There are several classification options for heart failure. Depending on the severity of the clinic, the following are distinguished:

  • First degree – there are no clinical symptoms.
  • In the second degree of heart failure, symptoms are mild and wheezing may be present.
  • The third degree is a more pronounced clinical picture, the presence of wheezing.
  • The fourth degree of severity is characterized by the presence of complications, for example, cardiogenic shock, collapse (decrease in systolic blood pressure below 90 mm Hg).

According to the degree of patient resistance to physical stress, heart failure is divided into four functional classes (FC):

  • 1 FC - shortness of breath and other symptoms appear during severe physical exertion, for example, while climbing to the third floor and above. Normal physical activity does not cause signs of disease.
  • FC 2 – moderate heart failure, it makes itself felt only after climbing two flights of stairs or while walking quickly. The patient's daily activities may be slightly reduced.
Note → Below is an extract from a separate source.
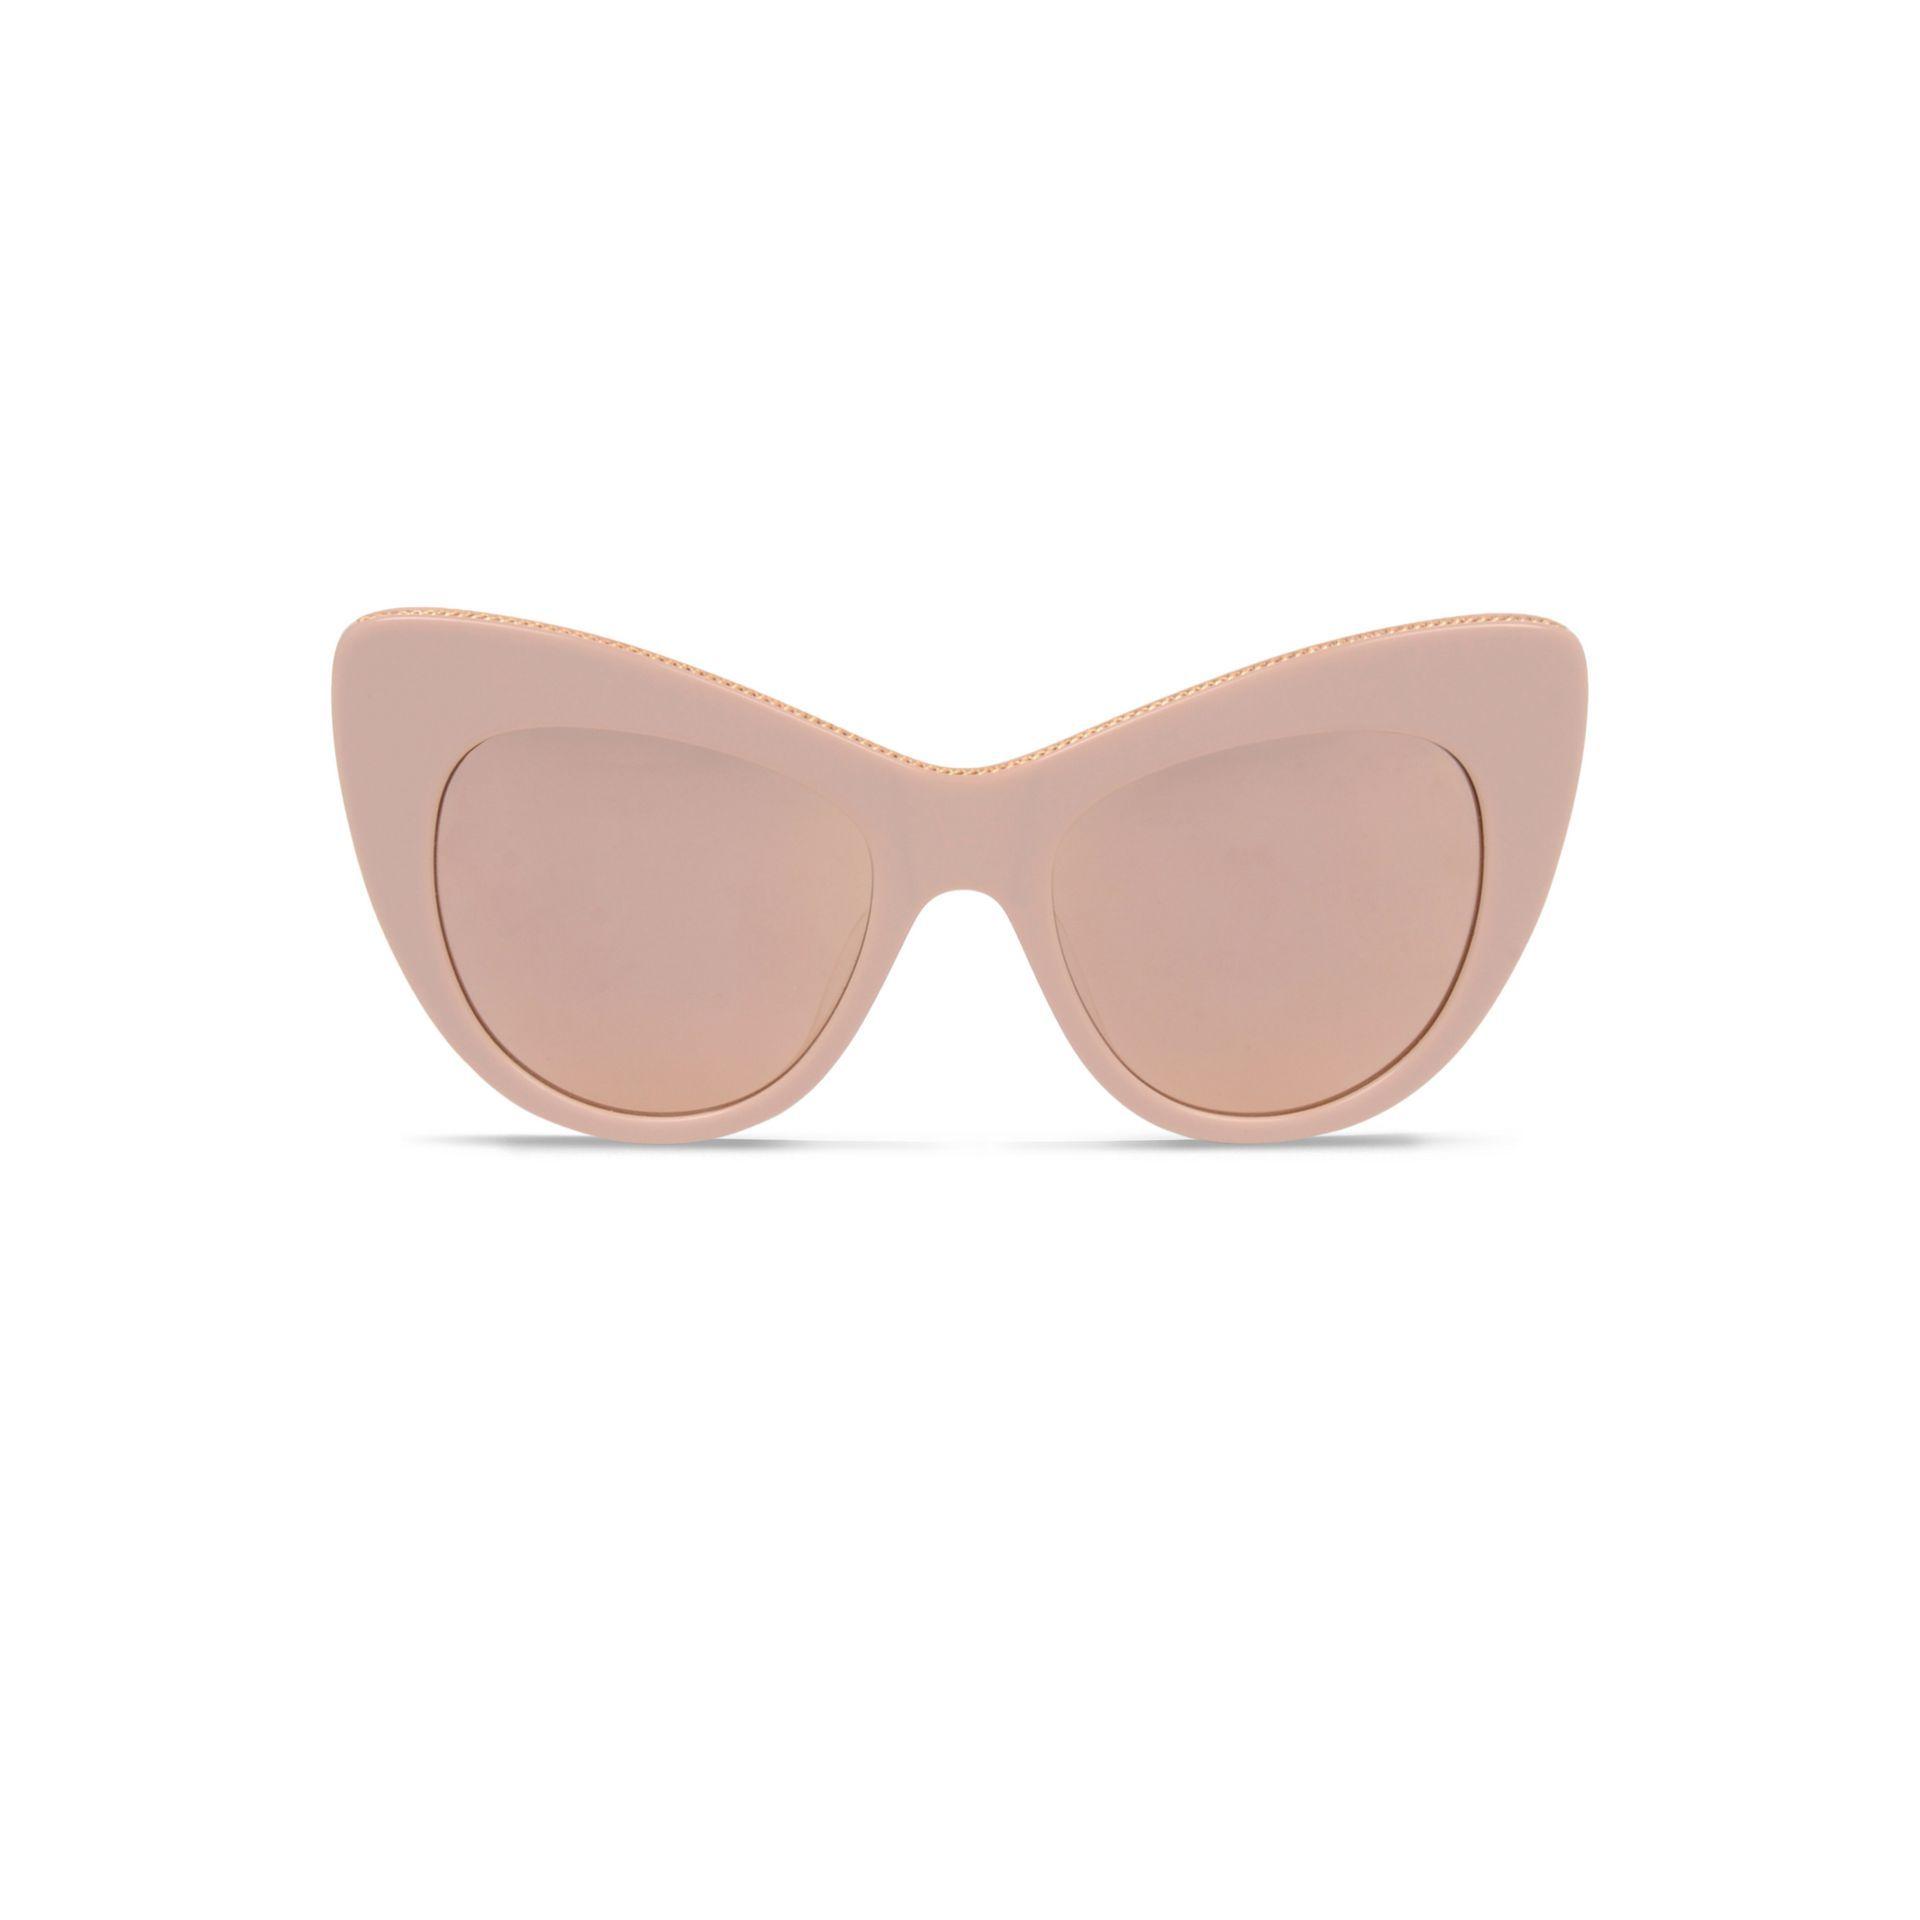 Oversized Stella Exaggerated Cat Eye Pin Up Girl Big Large: Rose Oversized Cat Eye Sunglasses - STELLA MCCARTNEY

  • 3 FC – the symptoms of the disease become pronounced even with minor physical exertion and during everyday activities. At rest, shortness of breath completely disappears.
  • 4 FC - in this case, shortness of breath and other manifestations bother the patient at rest. The heart is under great stress, and complications of heart failure are often observed.

Types of heart failure according to its classification by stages:

  • The first stage is the beginning of the disease. It is characterized by a latent course; symptoms of circulatory failure occur only in cases where the patient experiences severe physical or emotional stress. At rest, the activity of the circulatory system is not impaired.
  • The second stage is marked clinical manifestations. Signs of prolonged blood stagnation appear, this is noticeable in the absence of physical activity. Stagnation appears in the systemic and pulmonary circulation, which is primarily manifested by edema. This stage is divided into IIA and IIB. The first is characterized by dysfunction of only the left or right ventricle. In this case, shortness of breath appears during normal physical activity for a person, and his activity is noticeably reduced. Externally, the patient has bluish skin, swelling of the legs, enlarged liver and hard breathing. Stage IIB is characterized by a deeper degree of hemodynamic disturbances, the cause of which is stagnation in both circulation circles.
  • The third stage of the disease is terminal. In this case, the heart ceases to cope with its function, which leads to irreversible damage in the structure internal organs, to the depletion of their resources.

Signs and symptoms of the disease

Clinical symptoms of heart failure are the same for both acute and chronic variants of this pathology. The difference lies in the speed of development of disease manifestations and the body’s ability to adapt to changes in hemodynamics. Therefore, in case of acute circulatory failure, full compensation does not occur, as a result of which the terminal stage quickly occurs and the risk increases fatal outcome. The chronic version of the disease may not manifest itself for a long time, and therefore diagnosis and treatment are often delayed.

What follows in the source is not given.